Нужно обратиться по меньшей мере к еще одной сцене «Circonfession», помимо смерти матери, – к уже упомянутой смерти в 1929 году брата Поля. Жак инсценирует свое рождение как замену, возмещение оплакиваемого матерью брата. Он сам – дитя траура, и его я изначально отмечено смертью брата и материнской скорбью. Différance, нетождественность-самому-себе, возникает уже с самого начала, если не до него, с тени умершего брата, со скорби матери, которая, глядя на него, думает об утраченном ребенке, которая и 58 лет спустя, на смертном одре, не узнаёт или не помнит его, как если бы всегда видела в нем другого: «я плачу от имени моей мамы над ребенком, заменой которого являюсь».[745] Этим автобиография также изначально отстранена, устранена, конвертирована, или, говоря по-дерридеански, подвергнута динамике различе/ания. Надо сказать, что творчество Деррида, уже задолго до этого собственно автобиографического текста, было отмечено тематикой скорби и меланхолии; вспомним «Glas» (1974), «Fors» (предисловие к «Le verbier de l'homme aux loups» H. Абрахама и M. Торок (1976)) и «О почтовой открытке…».[746] Деррида подробно разбирает понятие меланхолии как тайник и шифр у Абрахама и Торок. Конфигурирующая меня меланхолия что-то кодирует, что-то держит в тайне: умершего брата, постыдное обрезание, а может быть, еще что-то гораздо большее, вокруг чего все тайно вертится. И где же найти меня самого? Как раз в бесчисленных кодировках, в бесчисленных тайниках, указания на которые я рассыпаю по своим произведениям.

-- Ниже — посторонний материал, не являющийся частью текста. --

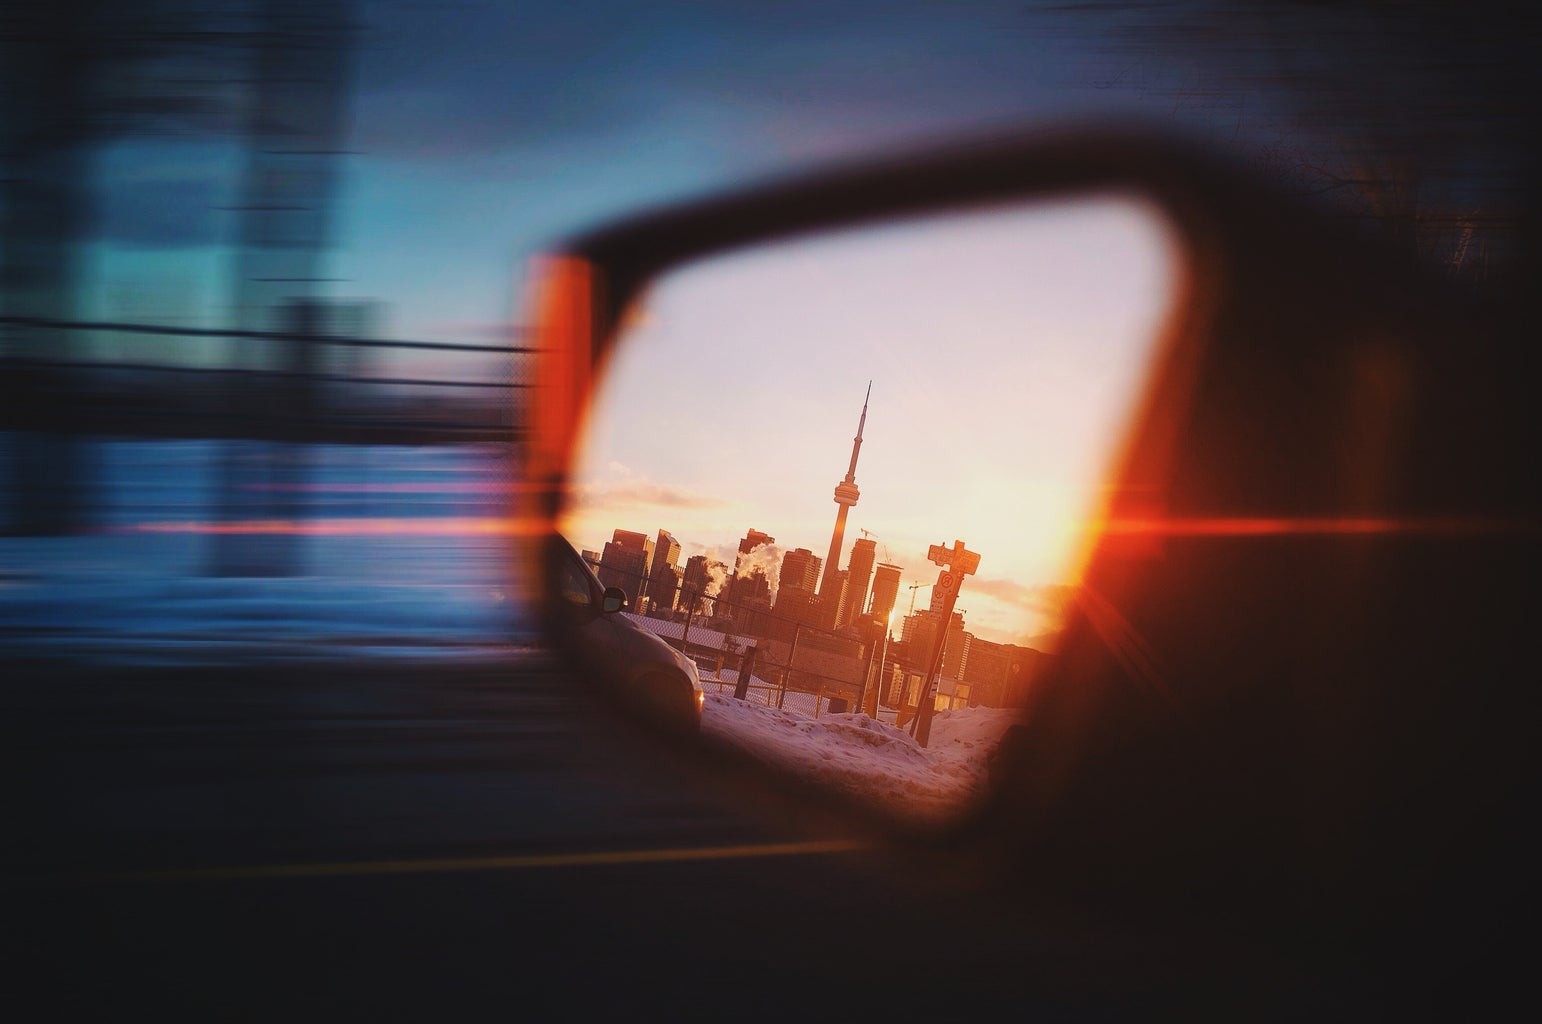 city view in sideview mirror

Кто пытается меня ухватить, рано или поздно ломает зубы о шифровки, ловушки и риторические уловки: «Монтень говорил: „Я постоянно от себя отрекаюсь“; невозможно проследить мой след, как след СПИДа, я не пишу и не произвожу ничего другого, как это блуждоназначение (destinerrance) моего желания».[747] Кто следует за мной, будет словно заражен СПИДом; не зная того, он потеряется, прежде всего потому, что я сам изначально потерян и тем самым отказался от малейшей претензии на начало, на исток, на идентичность.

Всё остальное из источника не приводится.